Dar con una idea aparentemente innovadora no tiene demasiado valor. Lo realmente importante es que esa idea sea un buen negocio. Si lo contrastamos internamente o con familiares y amigos podemos sacar conclusiones irreales. ¿Cómo no van a elogiarlo los propios creadores o personas de su entorno?

Lo primero sería contrastar la nueva idea con personas cualificadas que no duden en aflorar sus puntos débiles con el propósito de mejorarlos. Lo segundo sería testar esa idea en el mercado con un estudio de campo. Preguntar directamente a las personas que conforman el público objetivo es la mejor manera de comprobar si la nueva idea gusta o no. La mayoría de empresas fallan en este punto. Principalmente por pereza; no gustan de salir de la oficina para patearse la calle.

Una vez tenemos contrastada la idea innovadora hace falta un buen plan de negocio que convierta esa idea en valor económico para la empresa. El valor sólo se creará cuando se ejecute ese plan. Ese plan debe ser contrastado interna y externamente. Hay que explicarlo y si no convence plenamente en los tres planos, comercial, financiero y operacional, puede que no sea tan buena idea como se pensaba.

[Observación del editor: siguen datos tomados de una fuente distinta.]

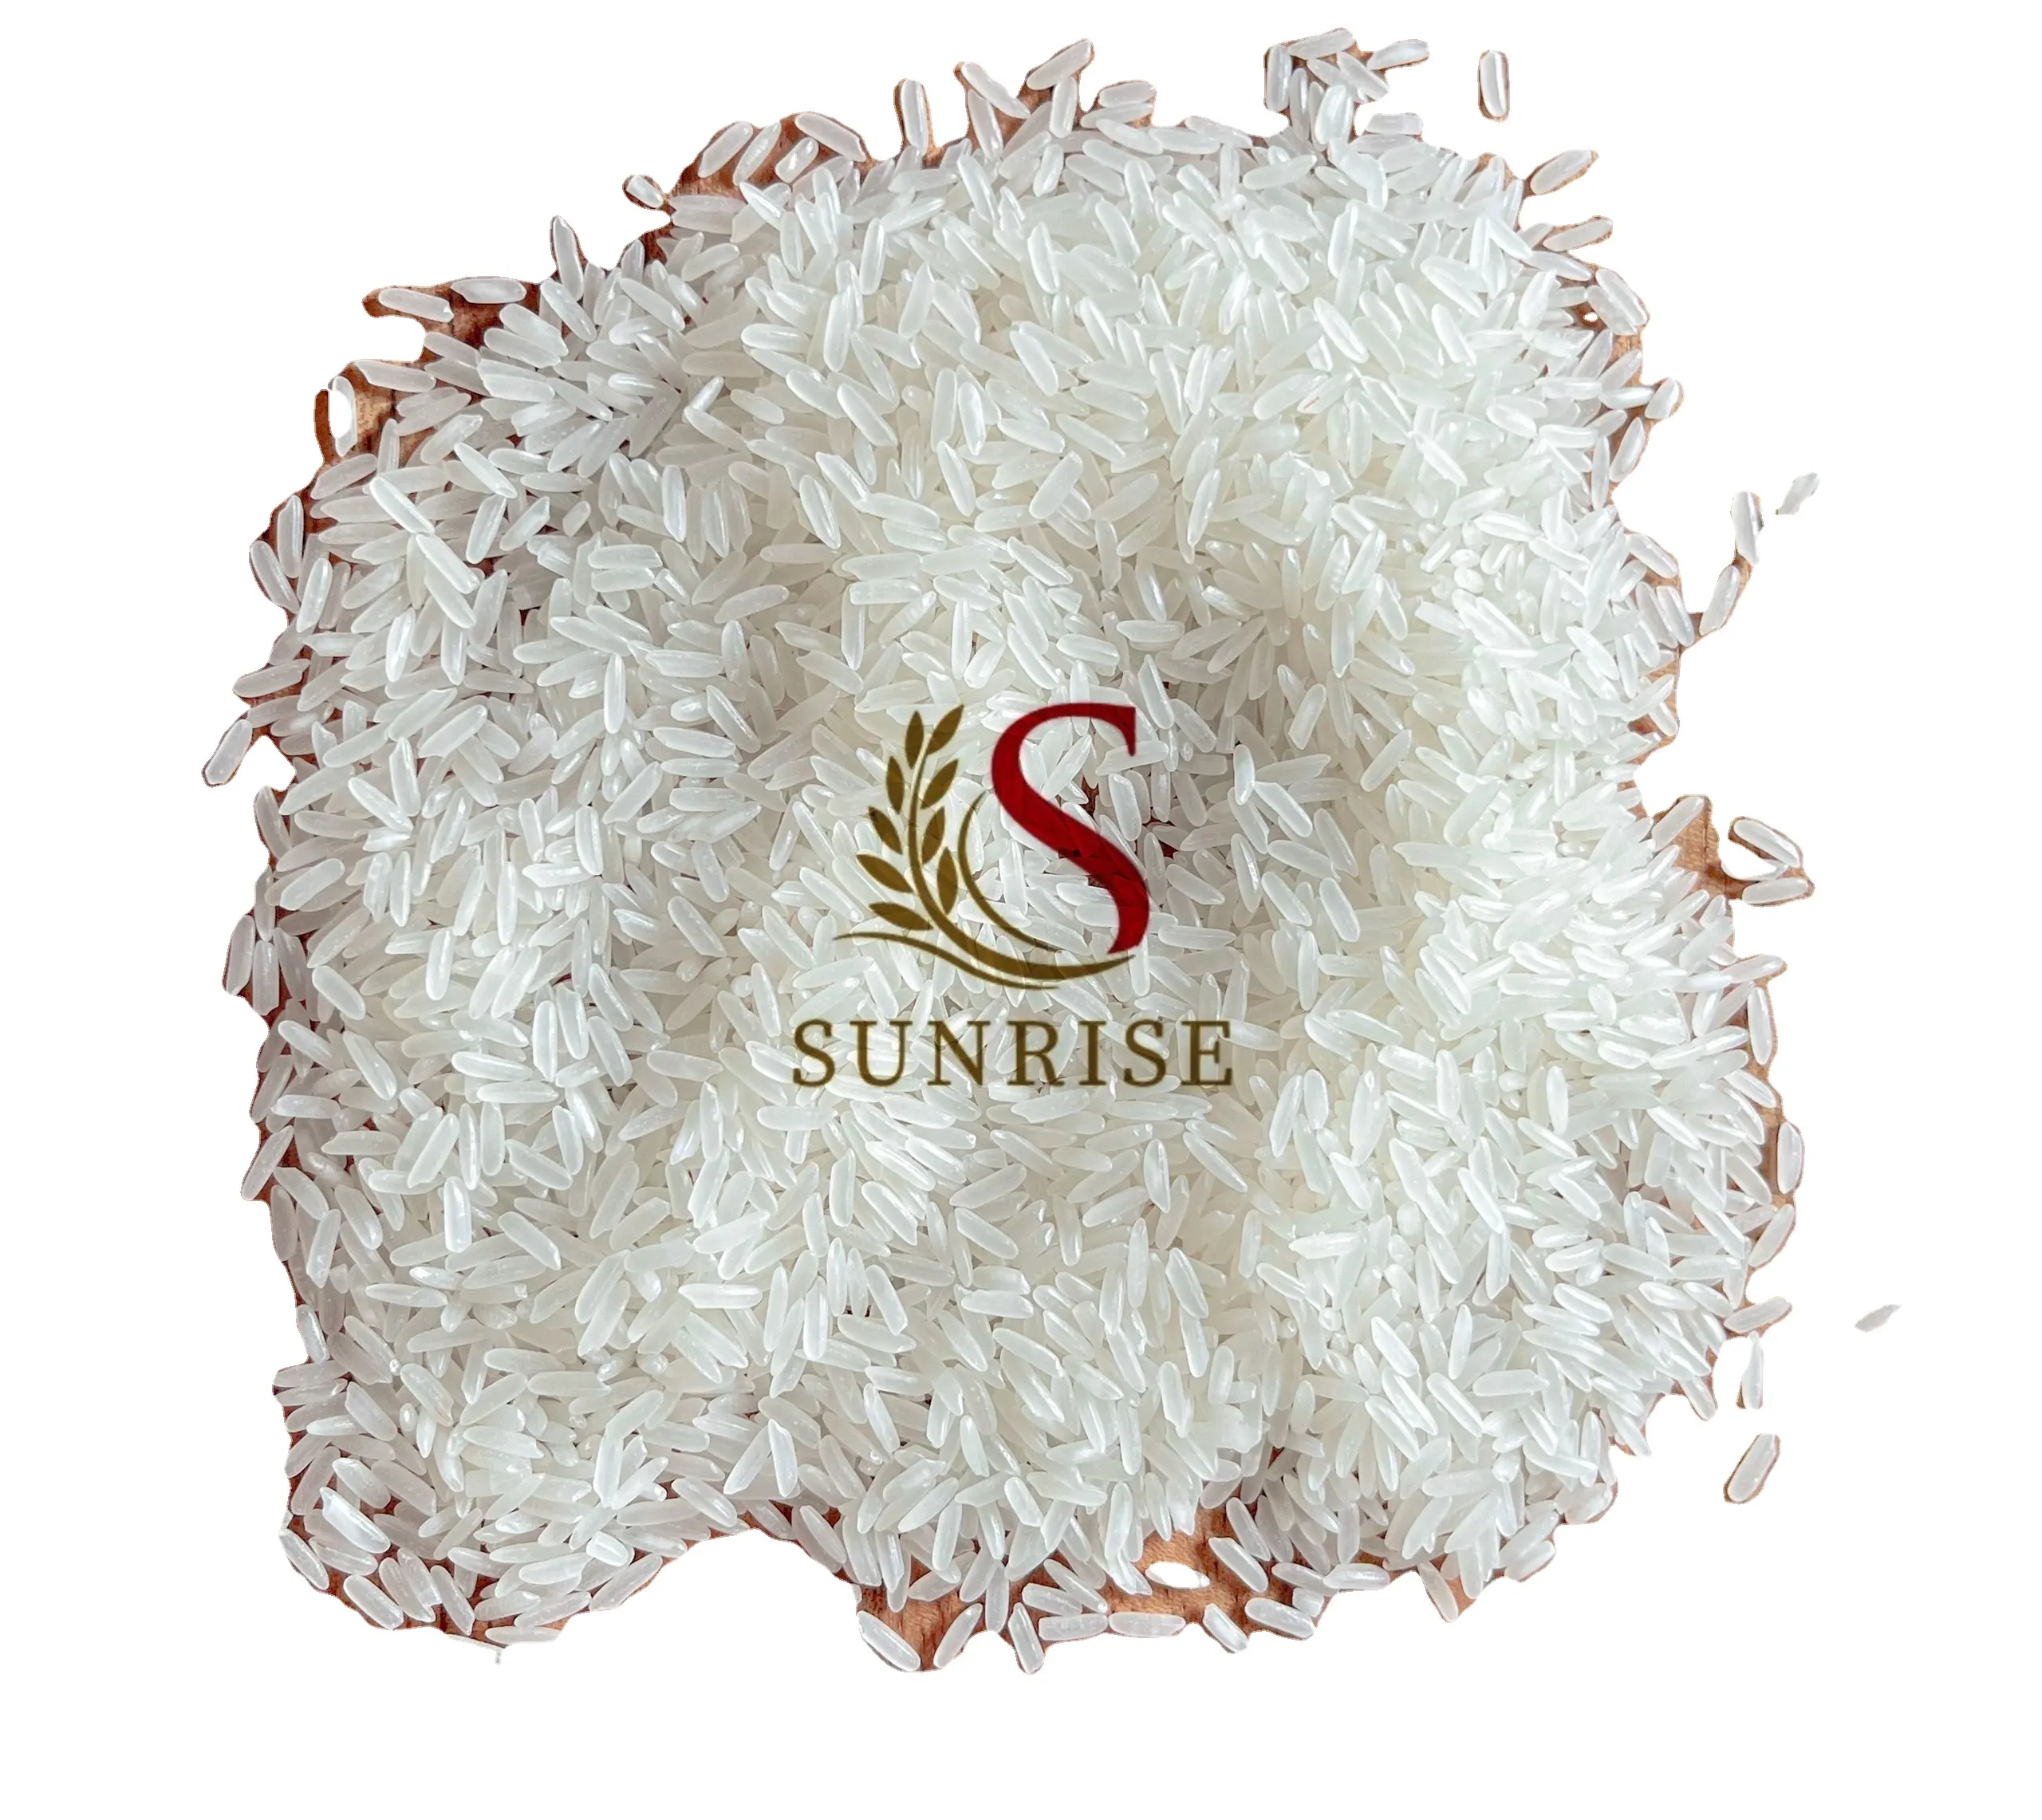 Japanese Japonica rice with 3% broken white rice premium for sushi rice in Vietnam - Linda What.sapp 0084 989 322 607

Suponiendo que hemos pasado con nota todos los exámenes anteriores hay que tener en cuenta que el hecho de que seamos los primeros en sacar esa nueva idea al mercado no nos garantiza el éxito. Hay que asegurarse de que vamos a ser los primeros en conquistar la mente del consumidor. Ese es el que va a ganar de verdad. Ser el primero en llegar nos da una ventaja pero si llega otro y consigue conquistar la mente del consumidor, estamos perdidos.

Antes de jugarnos la supervivencia de la empresa en un nuevo proyecto hemos de estar preparados para contrastarlo con expertos, salir de la oficina para hablar con los posibles clientes, hacer un plan de negocio y contrastarlo y prepararnos para luchar fuerte para conquistar la mente del consumidor.

Así de fácil, así de difícil.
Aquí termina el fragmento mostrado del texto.